### Work request
Pictures are to be left out. Return exactly the lines below from the one with "1978 Lincoln Continental" up to and including the one with "Thank You Gifts".

### Data extract

>>

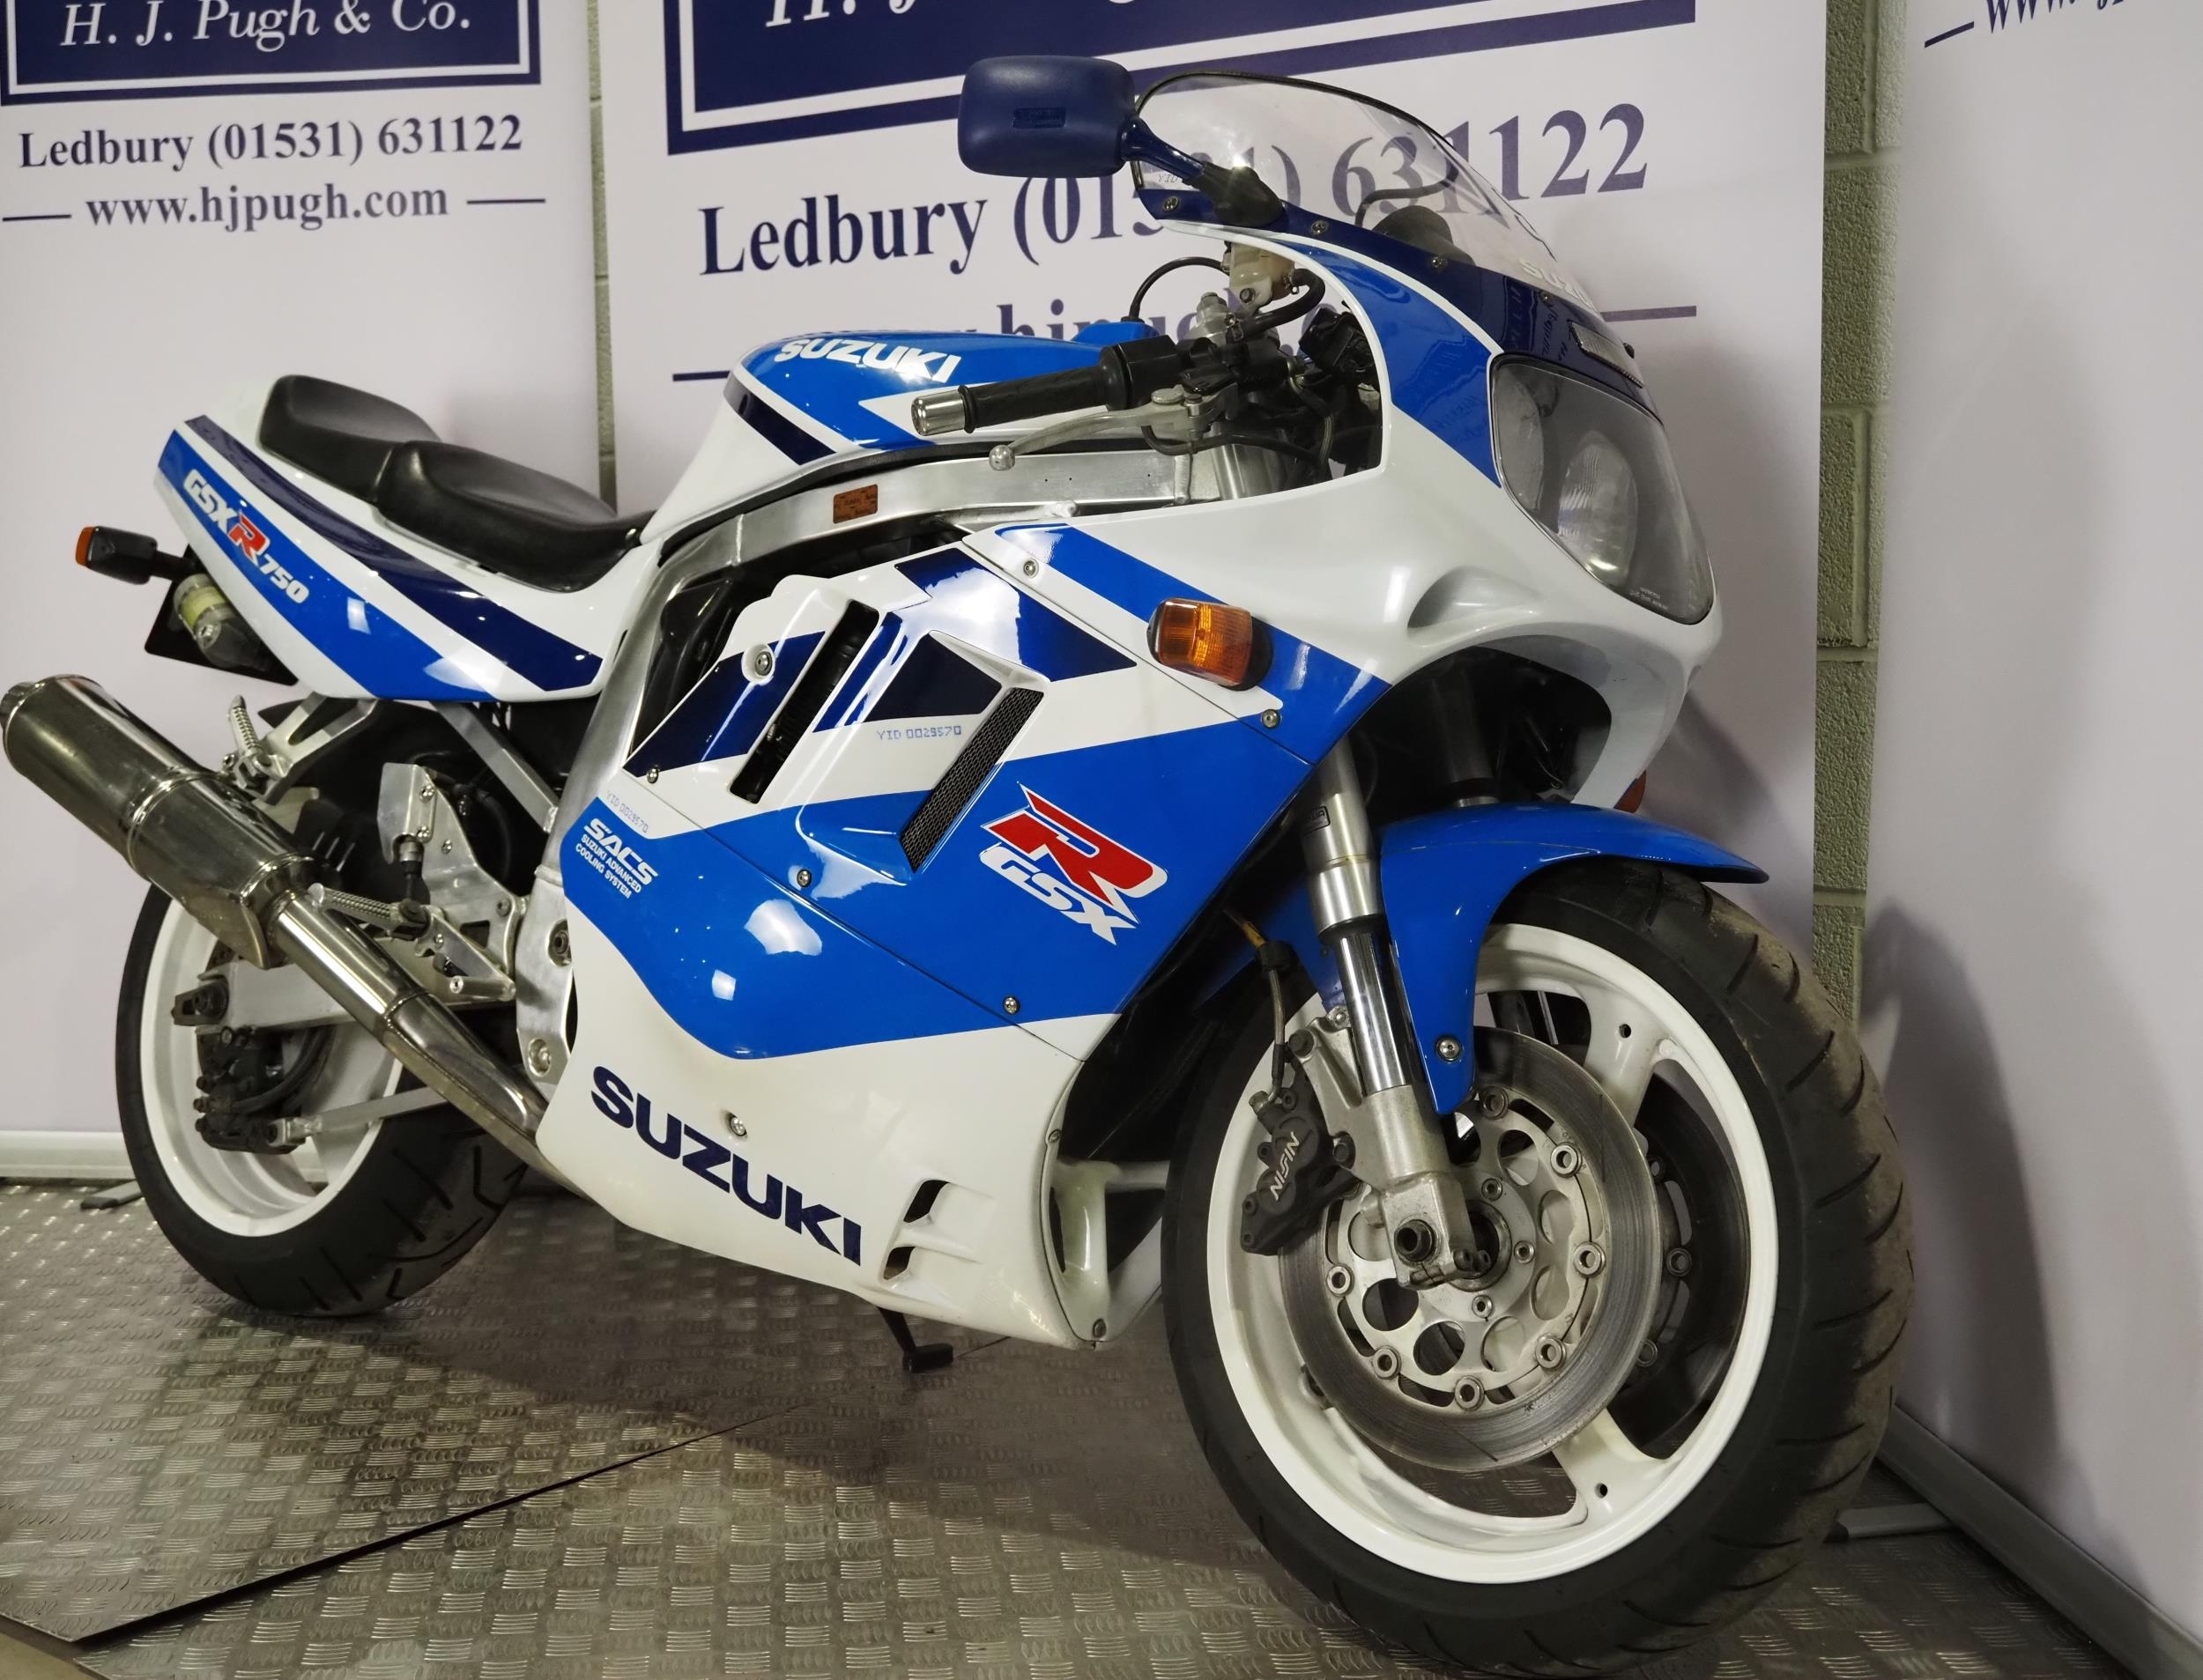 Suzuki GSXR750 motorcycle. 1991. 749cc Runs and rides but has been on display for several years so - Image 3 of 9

<<
>>

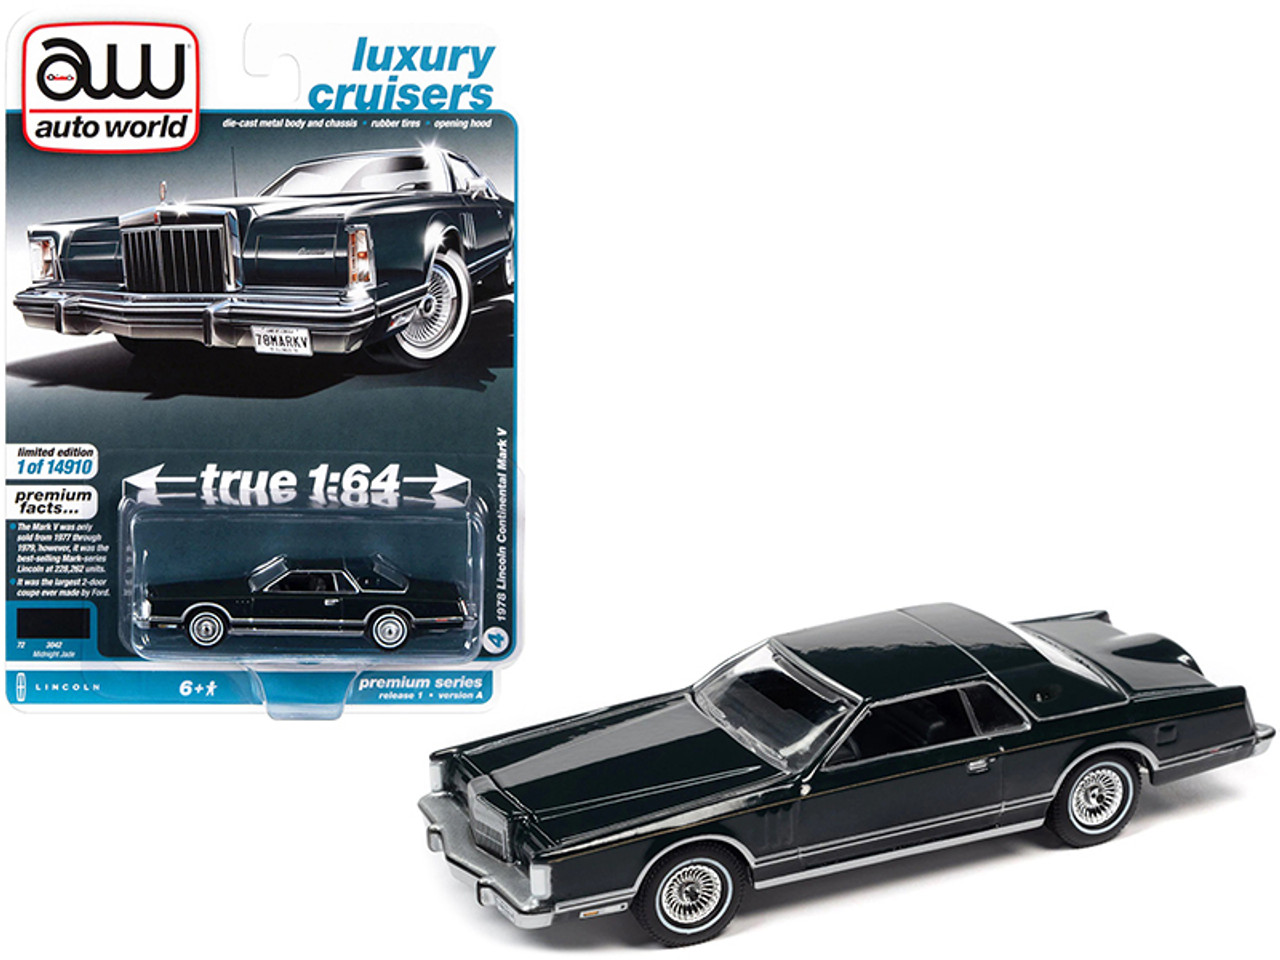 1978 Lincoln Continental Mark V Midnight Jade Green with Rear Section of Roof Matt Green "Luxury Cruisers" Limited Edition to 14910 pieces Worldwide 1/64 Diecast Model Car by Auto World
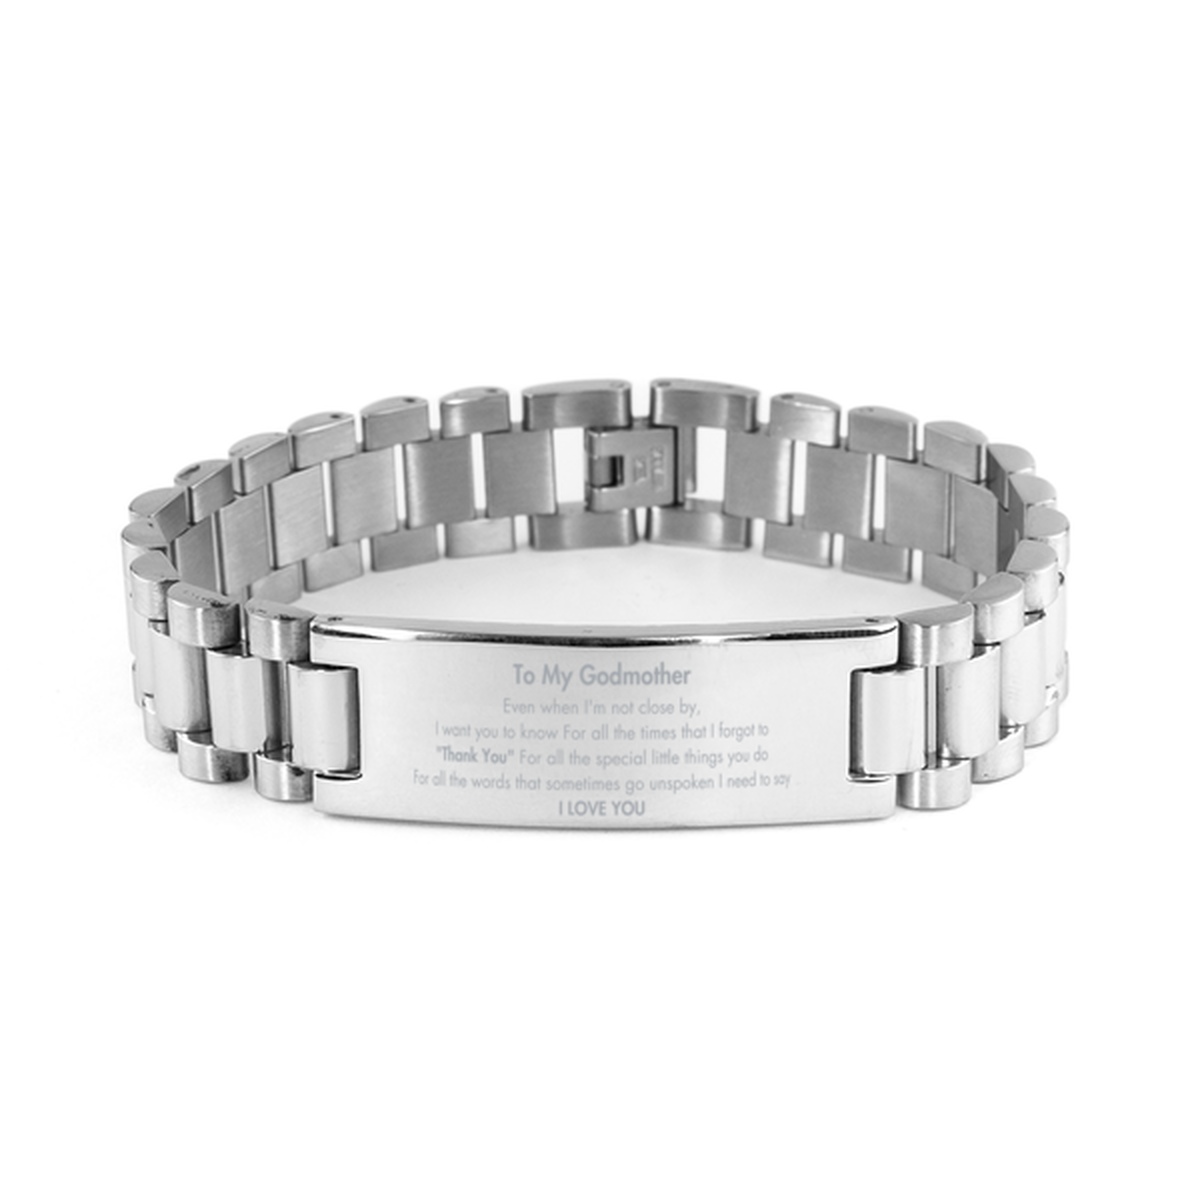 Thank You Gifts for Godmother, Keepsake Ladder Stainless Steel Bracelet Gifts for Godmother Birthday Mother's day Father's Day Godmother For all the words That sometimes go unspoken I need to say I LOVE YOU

<<

### Exercise solution
 1978 Lincoln Continental Mark V Midnight Jade Green with Rear Section of Roof Matt Green "Luxury Cruisers" Limited Edition to 14910 pieces Worldwide 1/64 Diecast Model Car by Auto World
 Thank You Gifts for Godmother, Keepsake Ladder Stainless Steel Bracelet Gifts for Godmother Birthday Mother's day Father's Day Godmother For all the words That sometimes go unspoken I need to say I LOVE YOU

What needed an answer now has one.